Beyond Europe, troubles in other areas could also upset the U.S. economy next year, the economists say. Congressional gridlock ahead of the 2012 elections and unforeseen global events, like this year’s Arab Spring protests, could slow the U.S. economy. Three economists said rising nuclear tensions with Iran are a concern.
Even without an outside jolt, the economists expect barely enough job creation in 2012 to stay ahead of population growth and the return of discouraged workers into the labor force.
“I just don’t know if it’s going to be enough to bring the unemployment rate down,” says Chad Moutray, chief economist for the National Association of Manufacturers.
The AP economists expect the unemployment rate to be stuck at a recession-level 8.4 percent when voters go to the polls in November. Unemployment was 8.6 percent in November.
A majority (56 percent) of the economists say the economy will get a lift from Federal Reserve policies. The Fed has said it plans to keep short-term interest rates near zero through at least mid-2013 if the economy remains weak. The central bank also has begun a campaign to try to push down mortgage rates and other long-term interest rates through next June.
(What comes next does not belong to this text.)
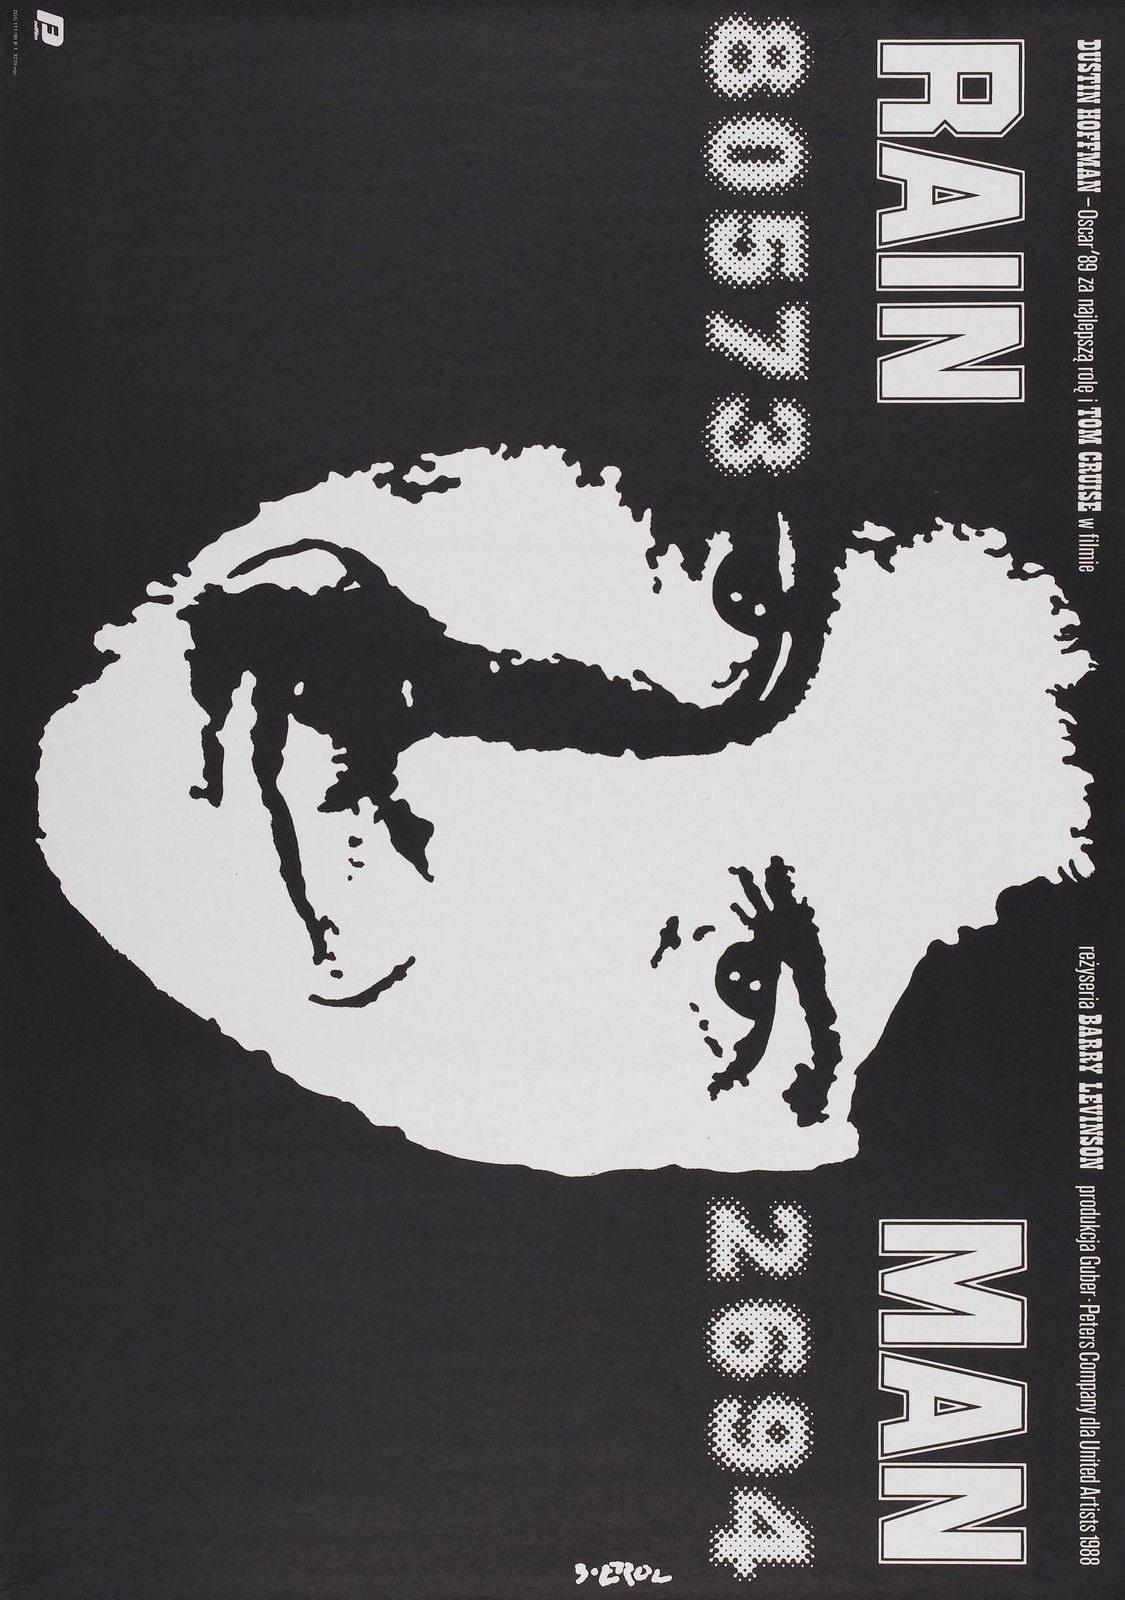 74340-RAIN-MAN-Movie-European-Version-Dustin-Hoffman-Wall-Print-Poster-Affiche

Those surveyed also think the economy is strong enough to withstand higher oil prices. At near $100 a barrel, oil prices are up 10 percent from a year ago. But only two of the economists AP surveyed expect the higher prices to slow the economy “a lot.”
The economists expect the European economy to shrink 0.5 percent in 2011 — and fall into a recession. Europe is slowing as heavily indebted countries slash spending and banks exposed to government debt curtain lending.
Among the gravest fears is that a major country like Italy will default on its debt, wiping out some banks with large holdings of European government bonds. A worldwide credit crunch like the one that followed the 2008 failure of Lehman Bros could follow.
Twenty-one of the economists listed Europe as a threat to the U.S. economy next year.
“If it were a big enough downturn, given the size of Europe, it could bring the world economy down into recession,” says Allen Sinai, president of Decision Economics.
But overall, the economists see only an 18 percent chance that Europe’s debt troubles will cause a recession in the United States.
The economists are divided over which one step European policymakers should take now to bolster the 17-country eurozone.
More than one-fourth say the European Central Bank should aggressively try to lower the borrowing costs of the Italian and Spanish governments by buying their bonds.
Nearly one-fifth say European countries should jointly issue “Eurobonds” to help finance weaker countries.
And 17 percent say European governments should slash spending.
Still, the economists expect European policymakers to find a way to prevent the crisis from escalating into a global financial panic.
If Europe can stabilize its economies, the U.S. stock markets would rally sharply, economists say, and prospects for U.S. economic growth would brighten.
“Europe appears to be the only real impediment to keeping this recovery from happening,” said Joel Naroff, president of Naroff Economics.